We want to find a complex number $x + yi$ such that $(x + yi)^2 = 3 + 6\sqrt{6}i$. Expanding the square gives: $x^2 + 2xyi - y^2 = 3 + 6\sqrt{6}i$ Equating the real and imaginary parts, we get: $x^2 - y^2 = 3$ $2xy = 6\sqrt{6}$ $xy = 3\sqrt{6}$ We look for integer/simple solutions. Consider $x=3$ and $y = \sqrt{6}$. Then $x^2 - y^2 = 9 - 6 = 3$, which satisfies the real part equation. Thus, $3 + \sqrt{6}i$ is a square root of $3 + 6\sqrt{6}i$. Therefore, the square roots of $3 + 6\sqrt{6}i$ are $\pm(3 + \sqrt{6}i)$. ${\left( {3 + 6\sqrt{6}i} \right)^{{1 \over 2}}} = \pm \left( {3 + \sqrt{6}i} \right)$ Expressing the complex number as a perfect square simplifies the square root calculation.

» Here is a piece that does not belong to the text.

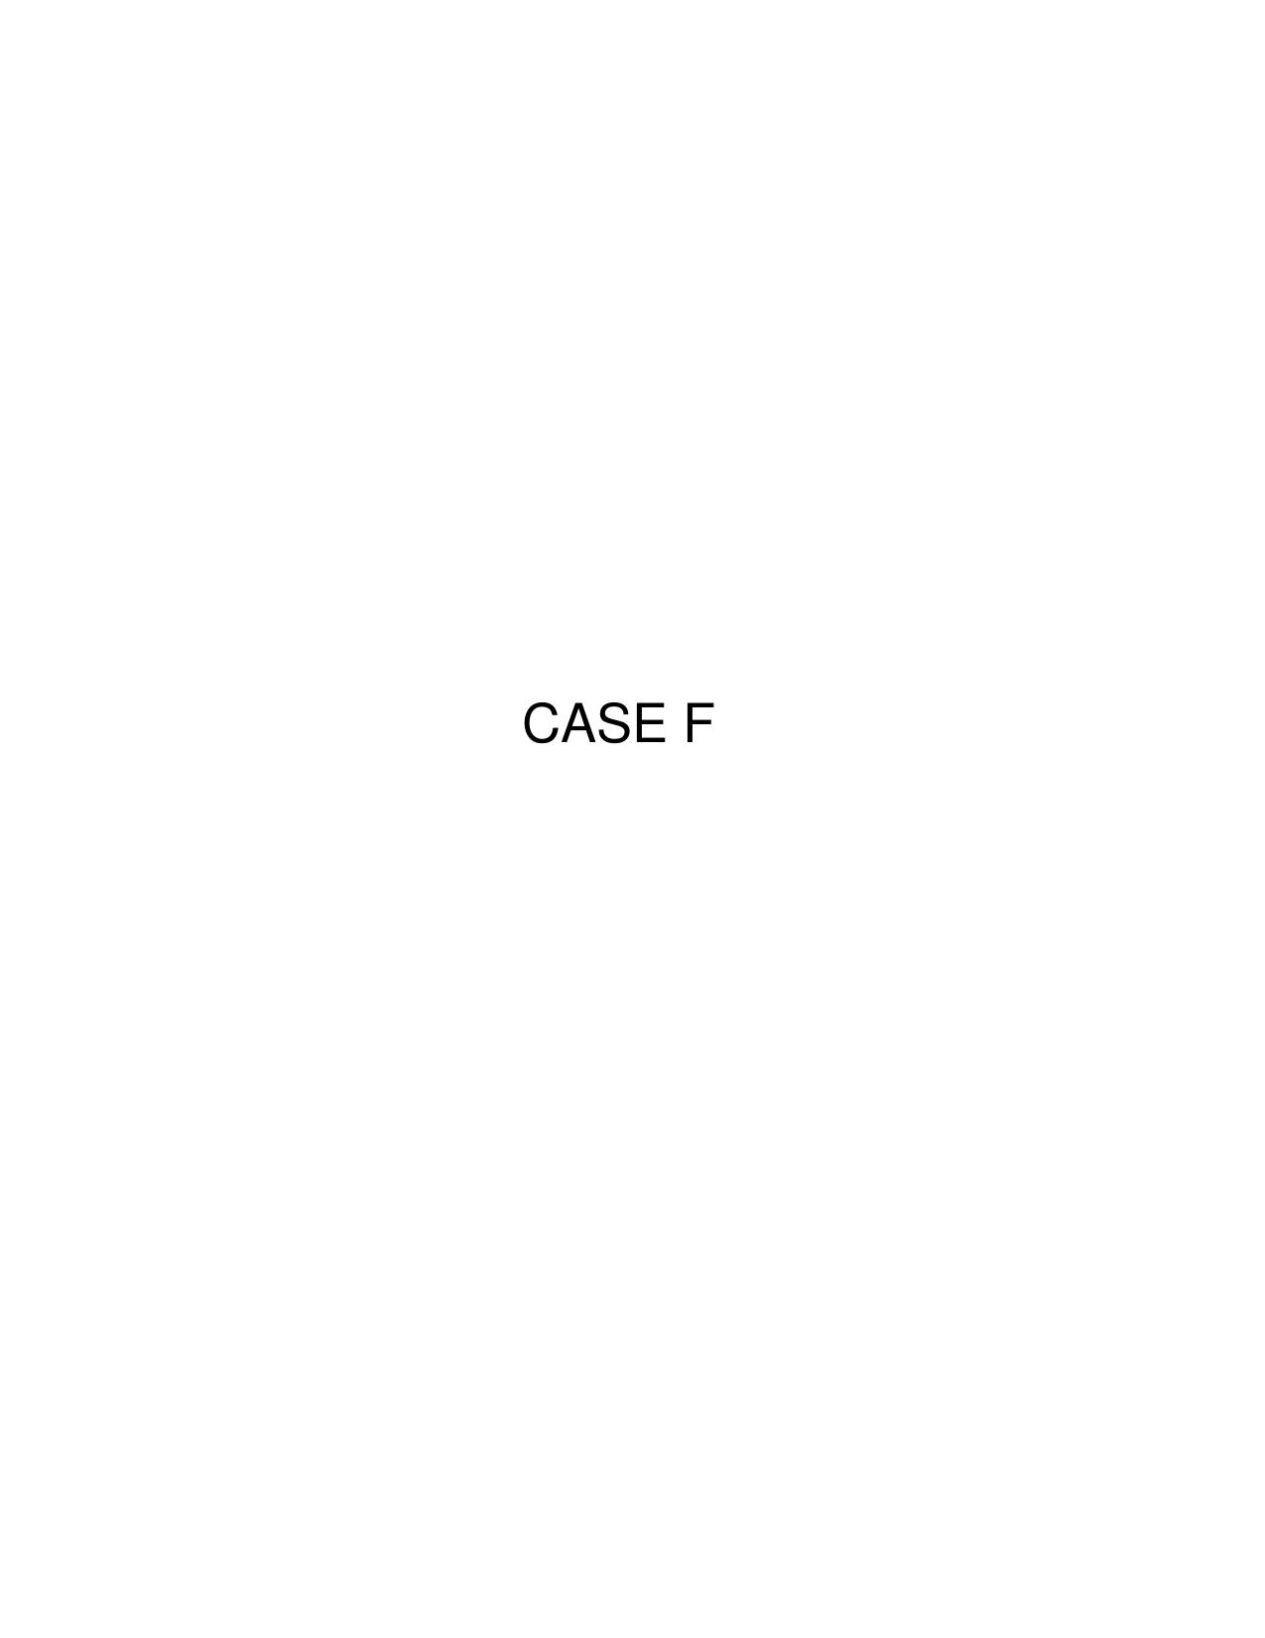 Case File F
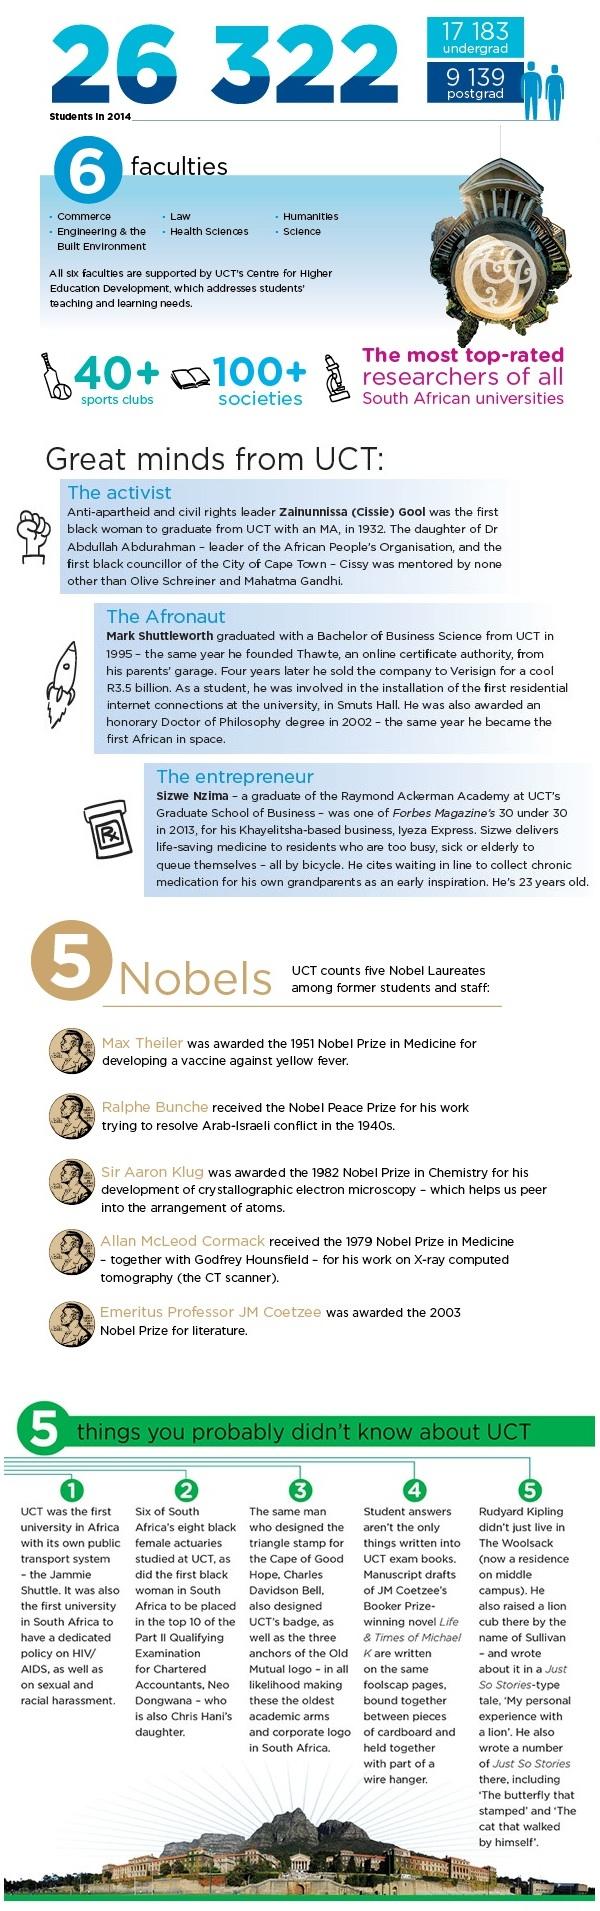 UCT-infographic

Step 3: Find the square roots of $3 - 6\sqrt{6}i$

Notice that $3 - 6\sqrt{6}i$ is the complex conjugate of $3 + 6\sqrt{6}i$. Since the square roots of $3 + 6\sqrt{6}i$ are $\pm(3 + \sqrt{6}i)$, the square roots of $3 - 6\sqrt{6}i$ are $\pm(3 - \sqrt{6}i)$. ${\left( {3 - 6\sqrt{6}i} \right)^{{1 \over 2}}} = \pm \left( {3 - \sqrt{6}i} \right)$ Using the property of complex conjugates avoids redundant calculations.

Step 4: Evaluate the expression considering the relationship between the square roots

Let $A = {\left( {3 + 6\sqrt{6}i} \right)^{{1 \over 2}}}$ and $B = {\left( {3 - 6\sqrt{6}i} \right)^{{1 \over 2}}}$. Then $A \in \{ (3 + \sqrt{6}i), -(3 + \sqrt{6}i) \}$ and $B \in \{ (3 - \sqrt{6}i), -(3 - \sqrt{6}i) \}$. We need to find the possible values of $A - B$. Consider $A^2B^2 = (3+6\sqrt{6}i)(3-6\sqrt{6}i) = 9 + 36(6) = 9 + 216 = 225$. Thus $AB = \pm 15$.

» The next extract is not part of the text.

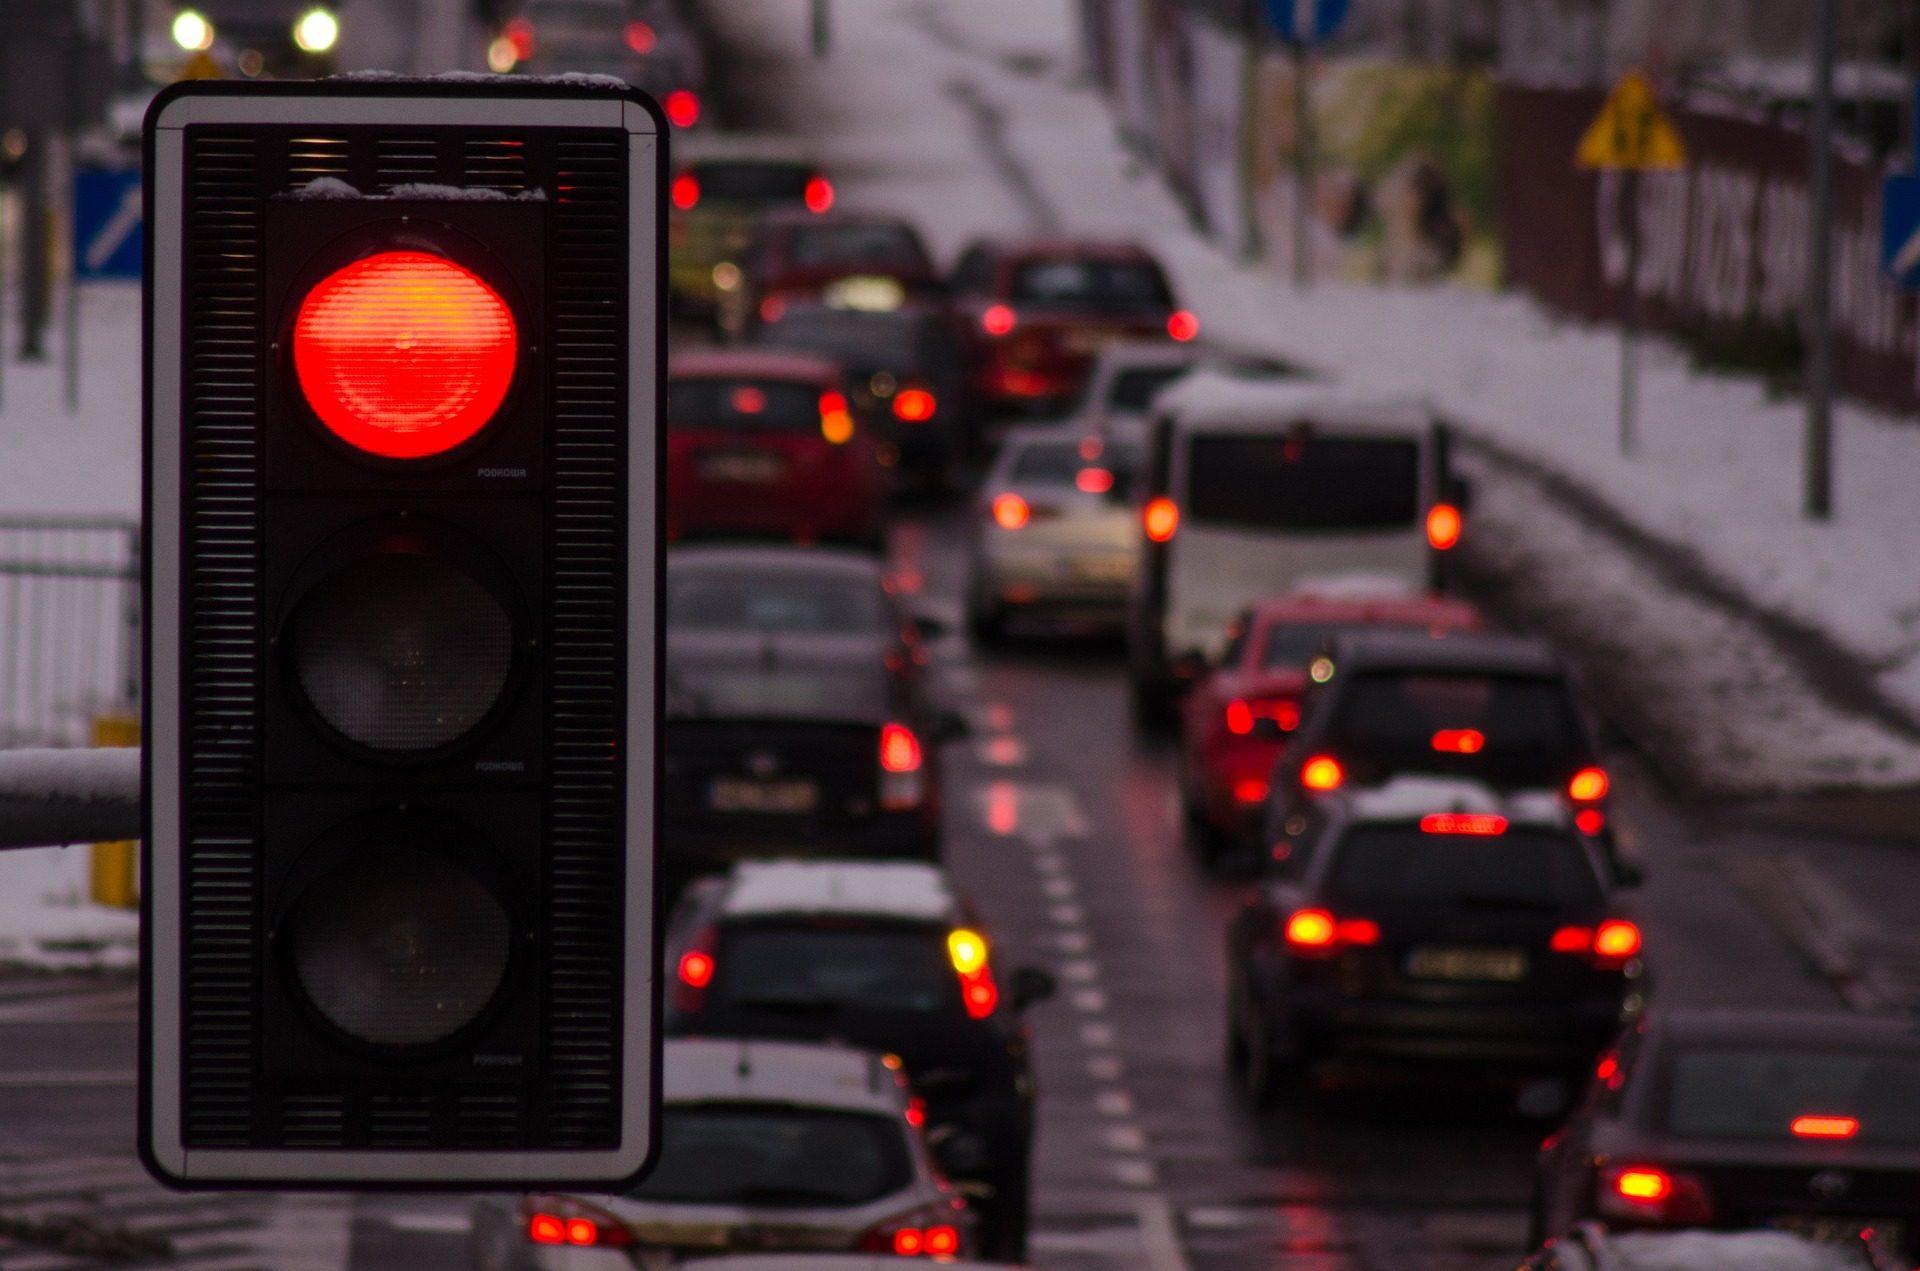 Ampel, Verkehr, Jam, Stadt, Autos - Wallpaper HD - Prof.-falken.com

Let $w_1 = 3 + \sqrt{6}i$ and $w_2 = 3 - \sqrt{6}i$. Then $w_1 w_2 = (3 + \sqrt{6}i)(3 - \sqrt{6}i) = 9 + 6 = 15$.

Case 1: $AB = 15$

• If $A = w_1 = (3 + \sqrt{6}i)$, then $B = w_2 = (3 - \sqrt{6}i)$. Then $A - B = (3 + \sqrt{6}i) - (3 - \sqrt{6}i) = 2\sqrt{6}i$.
• If $A = -w_1 = -(3 + \sqrt{6}i)$, then $B = -w_2 = -(3 - \sqrt{6}i)$. Then $A - B = -(3 + \sqrt{6}i) - (-(3 - \sqrt{6}i)) = -2\sqrt{6}i$.

Case 2: $AB = -15$

• If $A = w_1 = (3 + \sqrt{6}i)$, then $B = -w_2 = -(3 - \sqrt{6}i)$. Then $A - B = (3 + \sqrt{6}i) - (-(3 - \sqrt{6}i)) = 6$.
• If $A = -w_1 = -(3 + \sqrt{6}i)$, then $B = w_2 = (3 - \sqrt{6}i)$. Then $A - B = -(3 + \sqrt{6}i) - (3 - \sqrt{6}i) = -6$.

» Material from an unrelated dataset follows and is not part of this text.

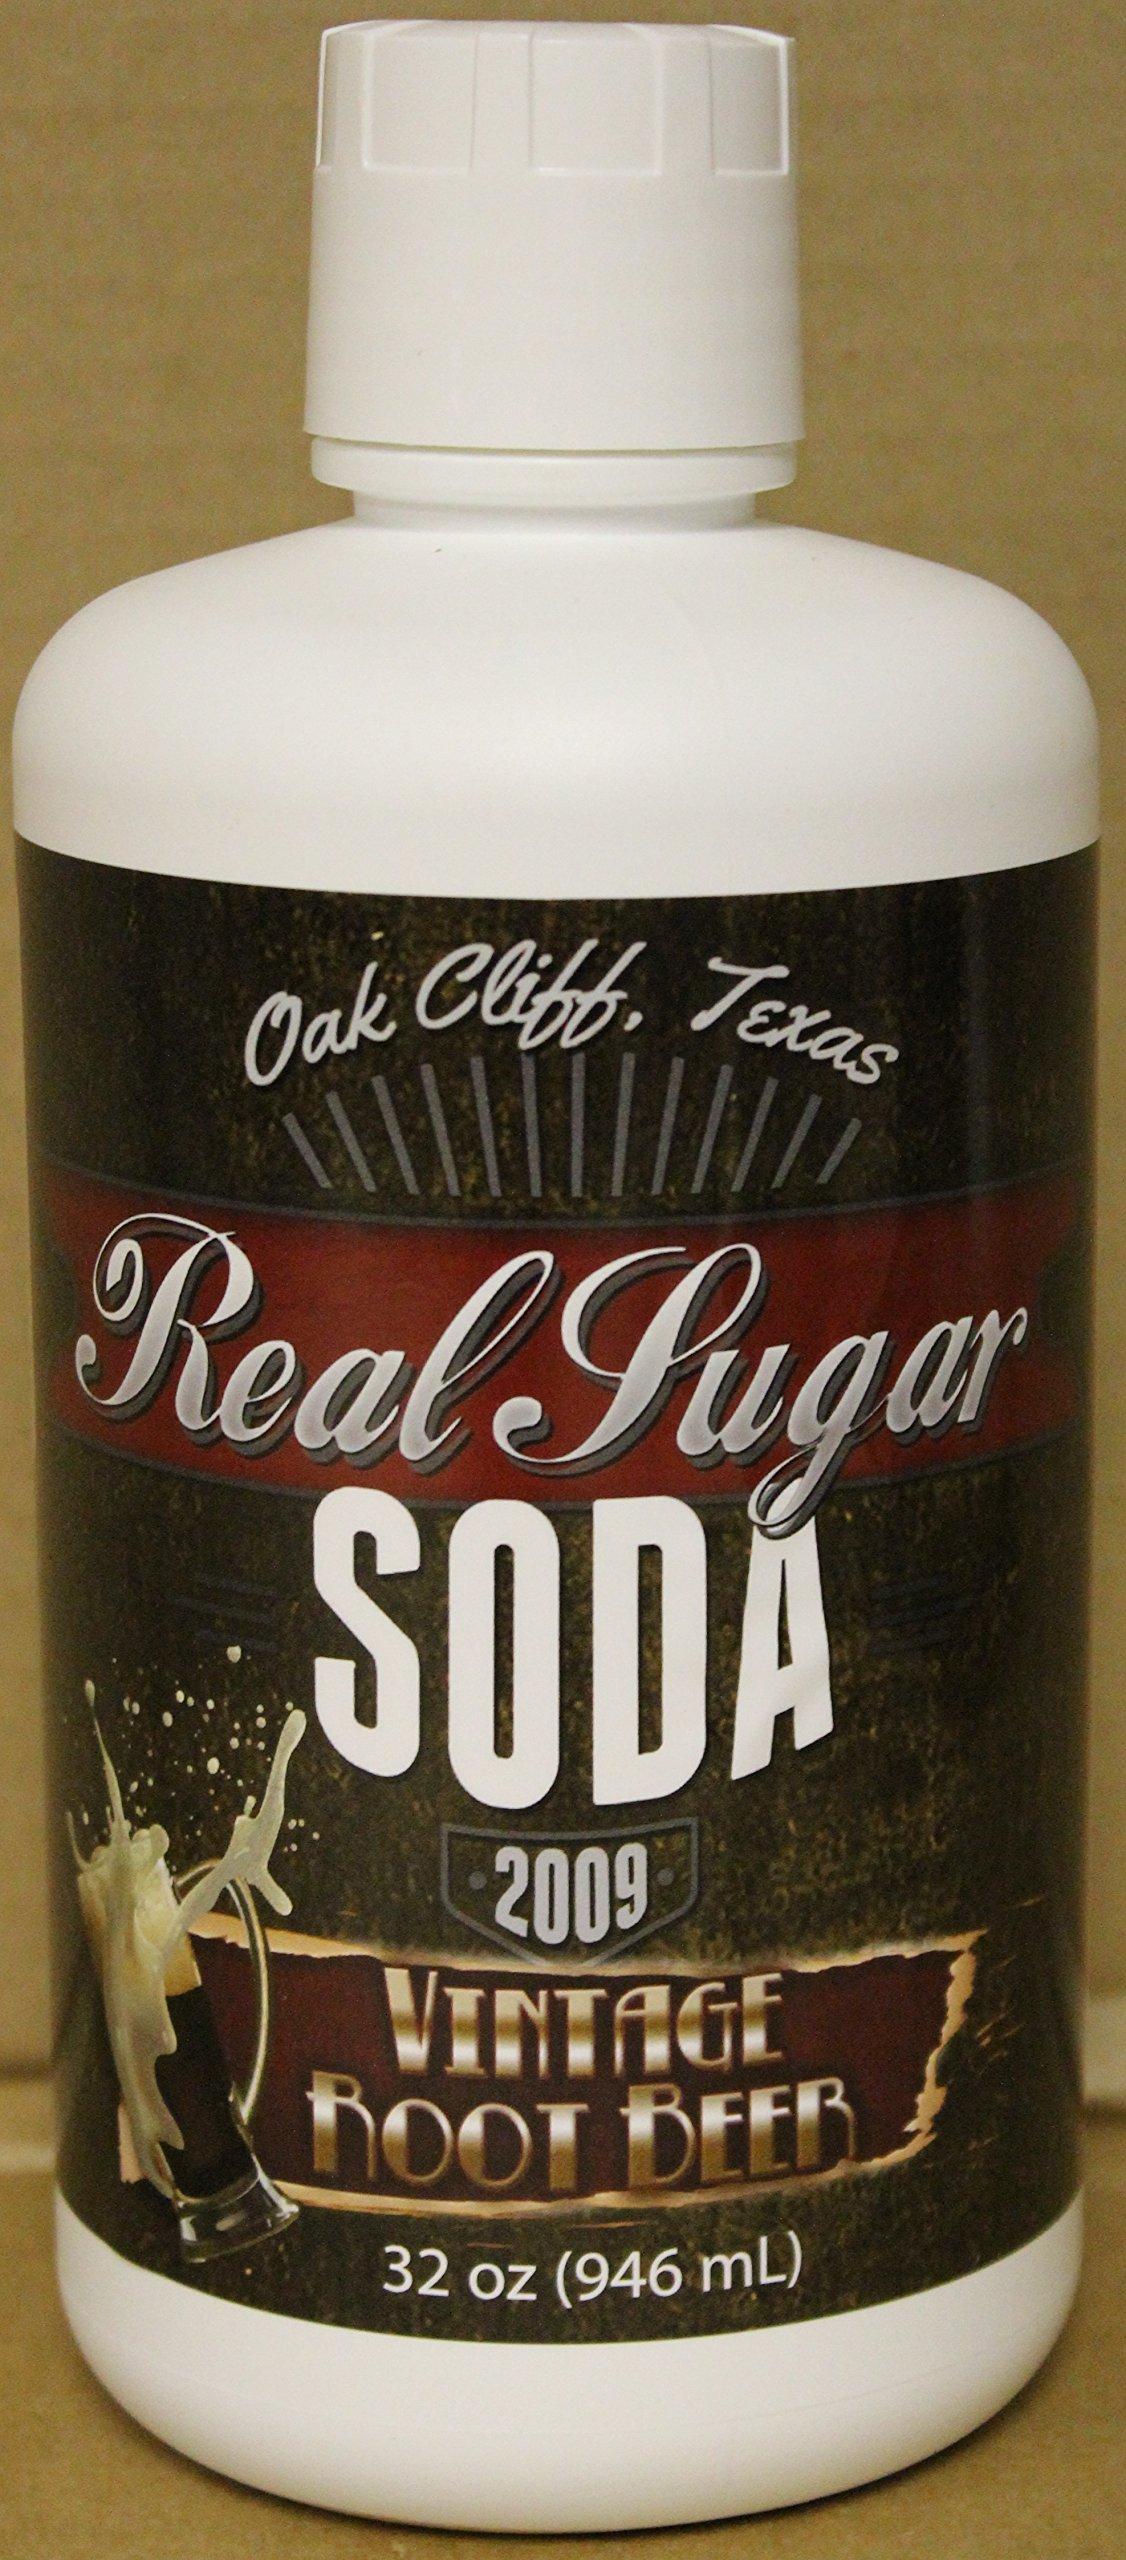 Vintage Root Beer Cane Sugar Soda Syrup 4 Pack by Real Sugar Soda

Therefore, the possible values of the expression are $2\sqrt{6}i, -2\sqrt{6}i, 6, -6$.

The constraint on $AB$ is crucial for finding the correct values.

Step 5: Identify the possible imaginary parts and compare with options

The possible values of the expression are $2\sqrt{6}i$, $-2\sqrt{6}i$, $6$, and $-6$. The imaginary parts are $2\sqrt{6}$, $-2\sqrt{6}$, $0$, and $0$.

Comparing with the options: (A) $-2\sqrt{6}$ (B) $6$ (C) $\sqrt{6}$ (D) $-\sqrt{6}$

Option (A) is one of the possible imaginary parts.

Common Mistakes & Tips

• Sign Errors: Be careful with signs when simplifying complex numbers and finding square roots.
• Independent Square Roots: Avoid treating the square roots as completely independent. The product of the terms inside the square roots provides a constraint.
• Complex Conjugates: Utilizing complex conjugates can save time and effort.

Summary

We simplified the complex numbers, found their square roots using algebraic manipulation and the conjugate property, and then considered the constraint on the product of the square roots to determine the possible values of the expression. The imaginary part of the expression can be $-2\sqrt{6}$.

The final answer is \boxed{-2\sqrt{6}}, which corresponds to option (A).